- _Your task_
A precise copy of the data is required, with every picture left out.

- _Dataset excerpt_
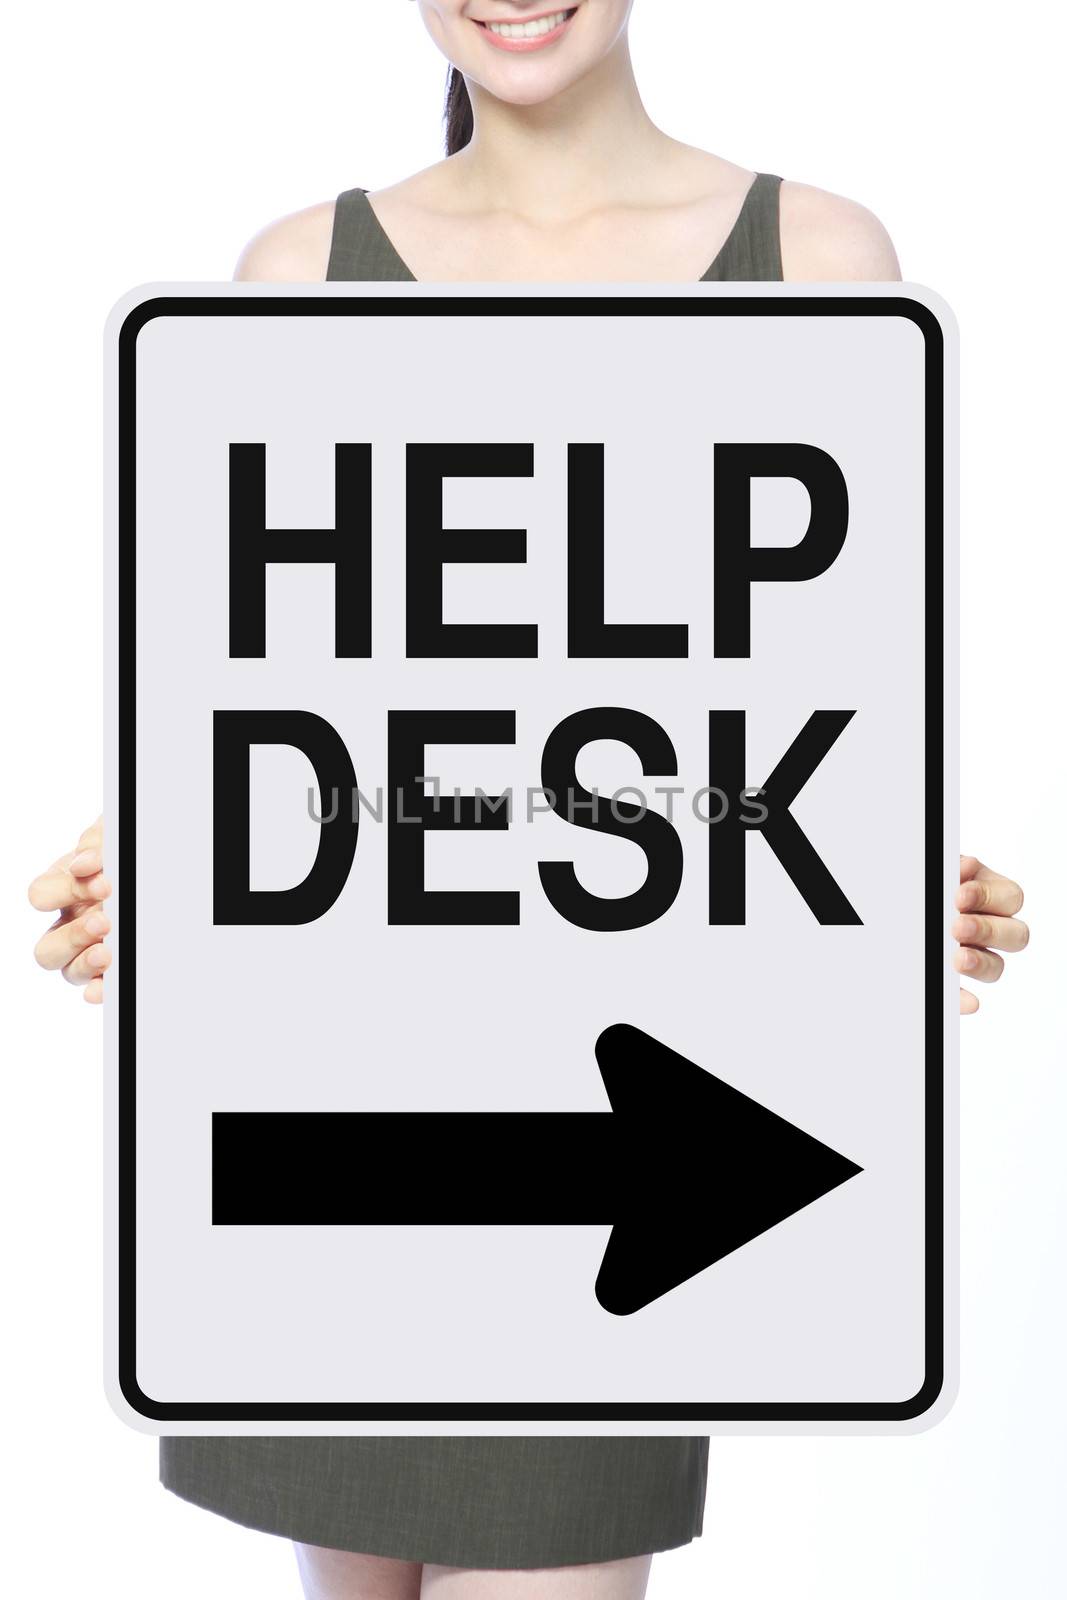 Help Desk This Way by rnl
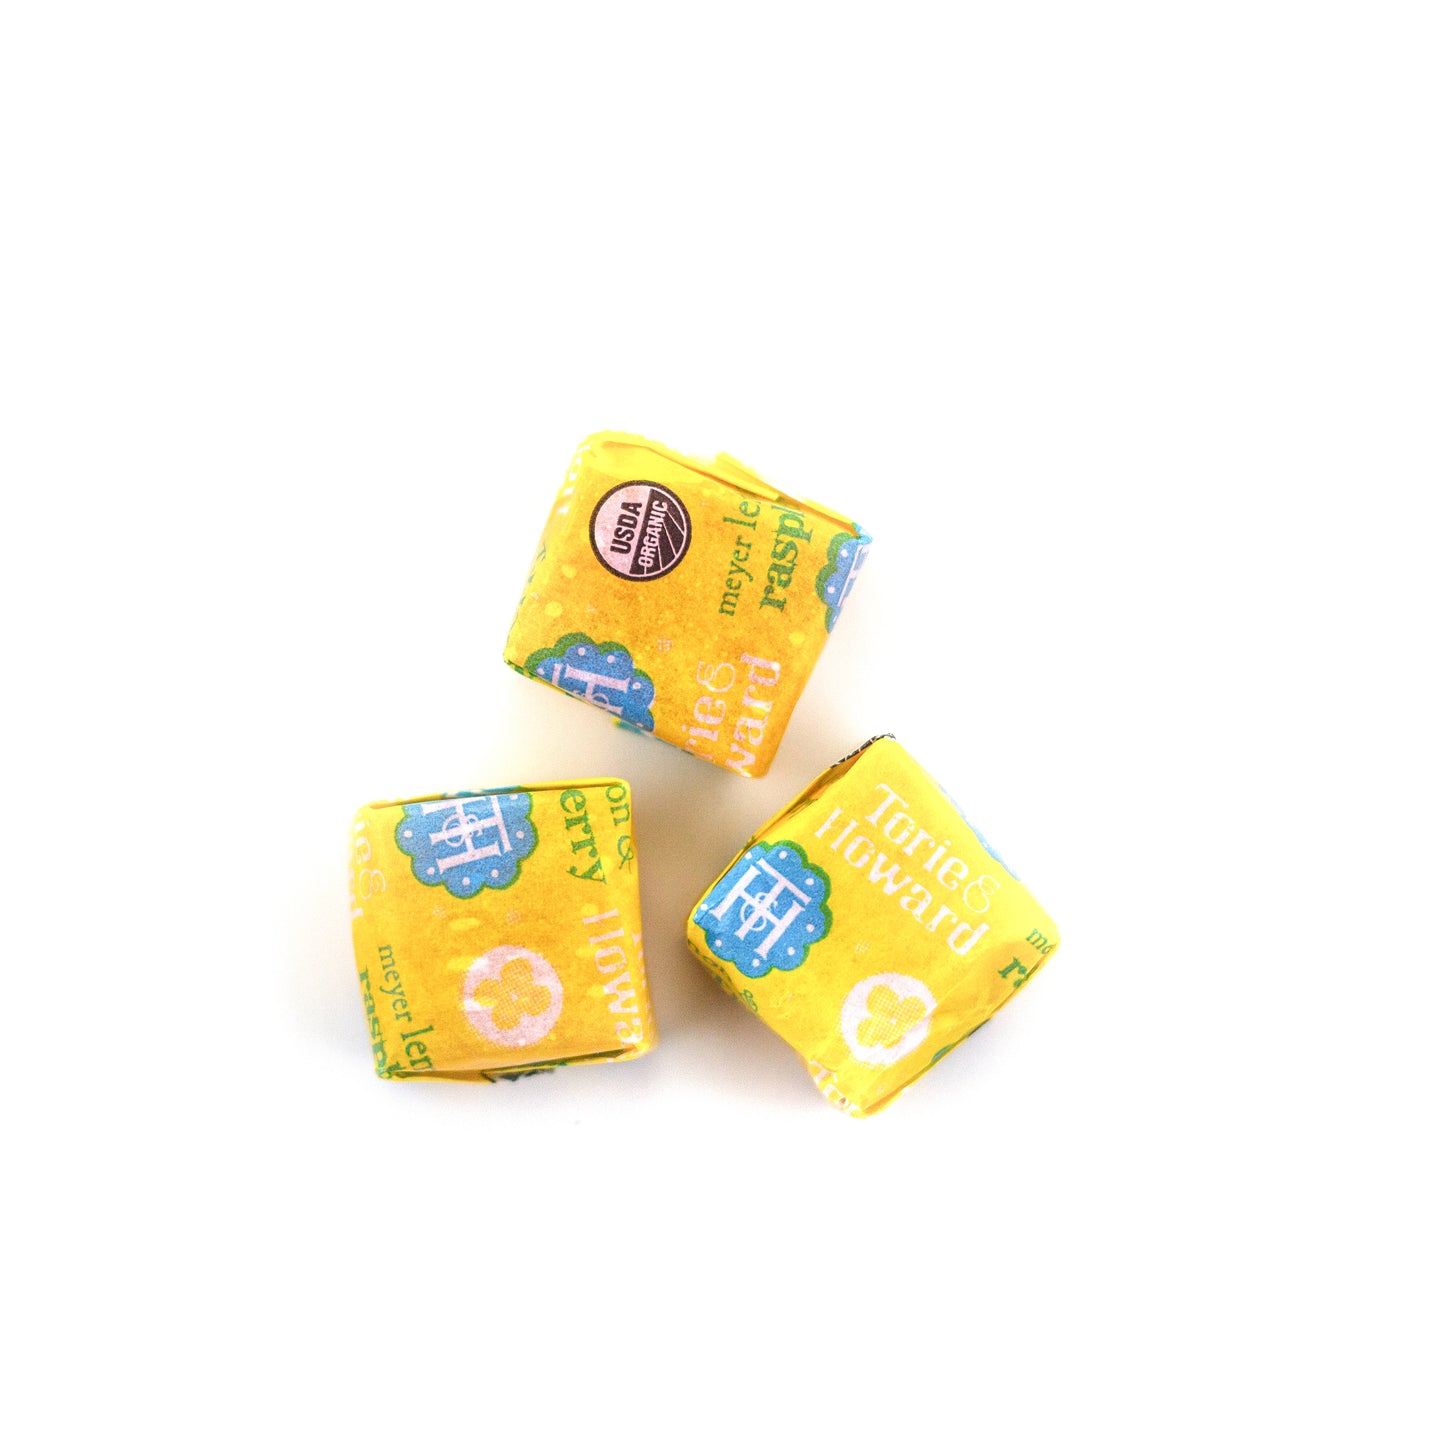 Individually wrapped Meyer Lemon & Raspberry organic chewy candies
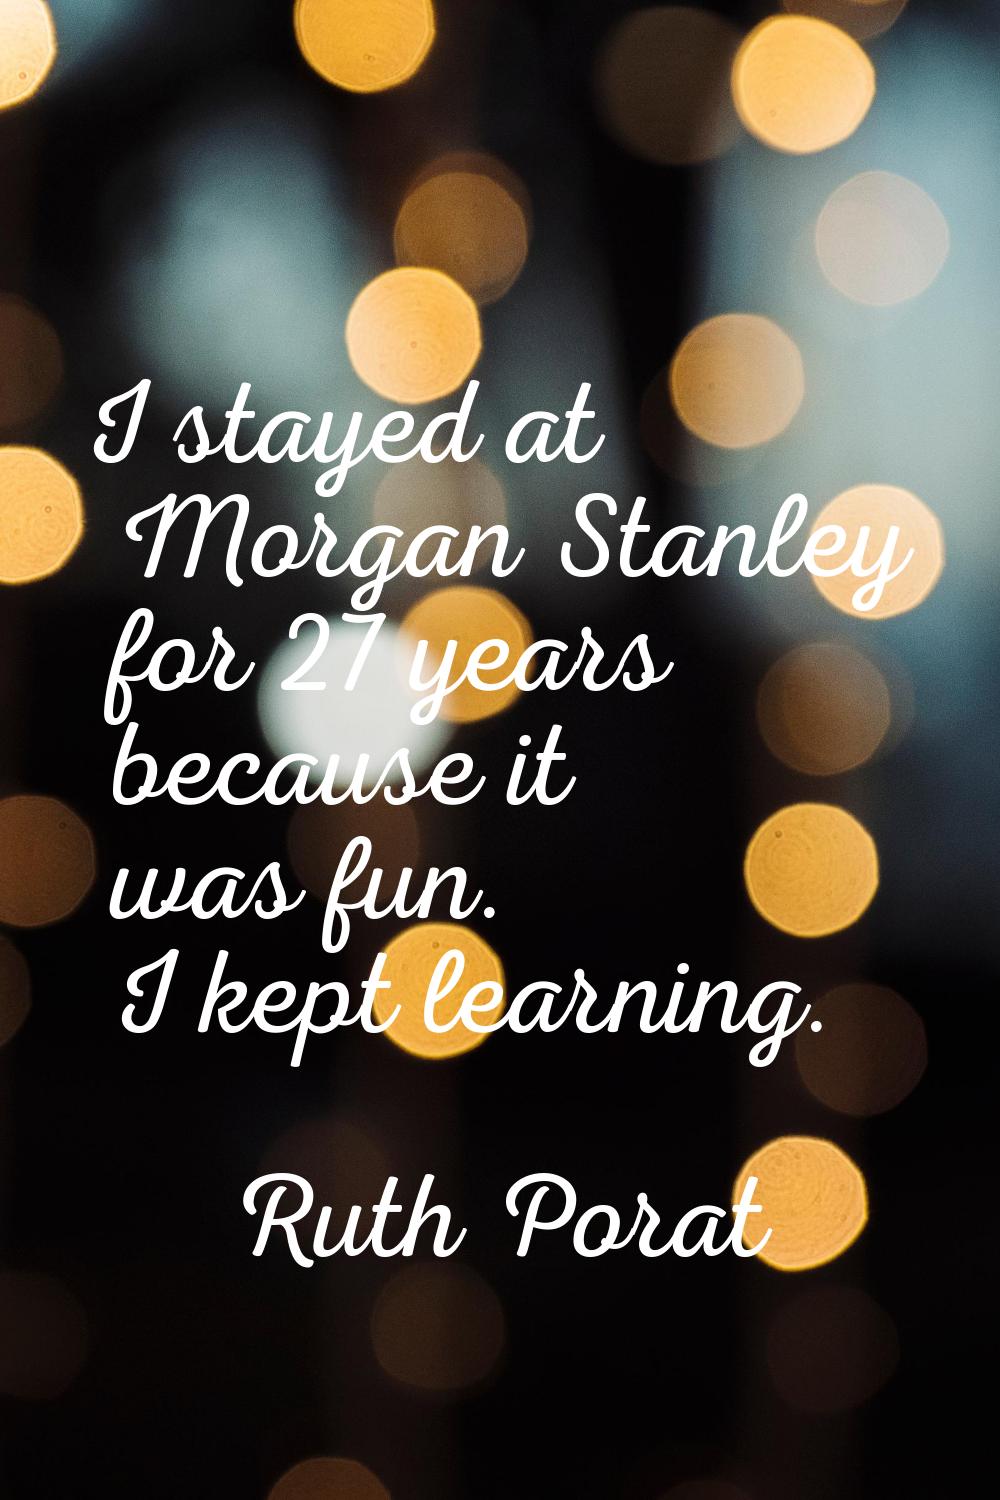 I stayed at Morgan Stanley for 27 years because it was fun. I kept learning.

- _Written reply_
 Help Desk This Way by rnl
 Individually wrapped Meyer Lemon & Raspberry organic chewy candies
 I stayed at Morgan Stanley for 27 years because it was fun. I kept learning.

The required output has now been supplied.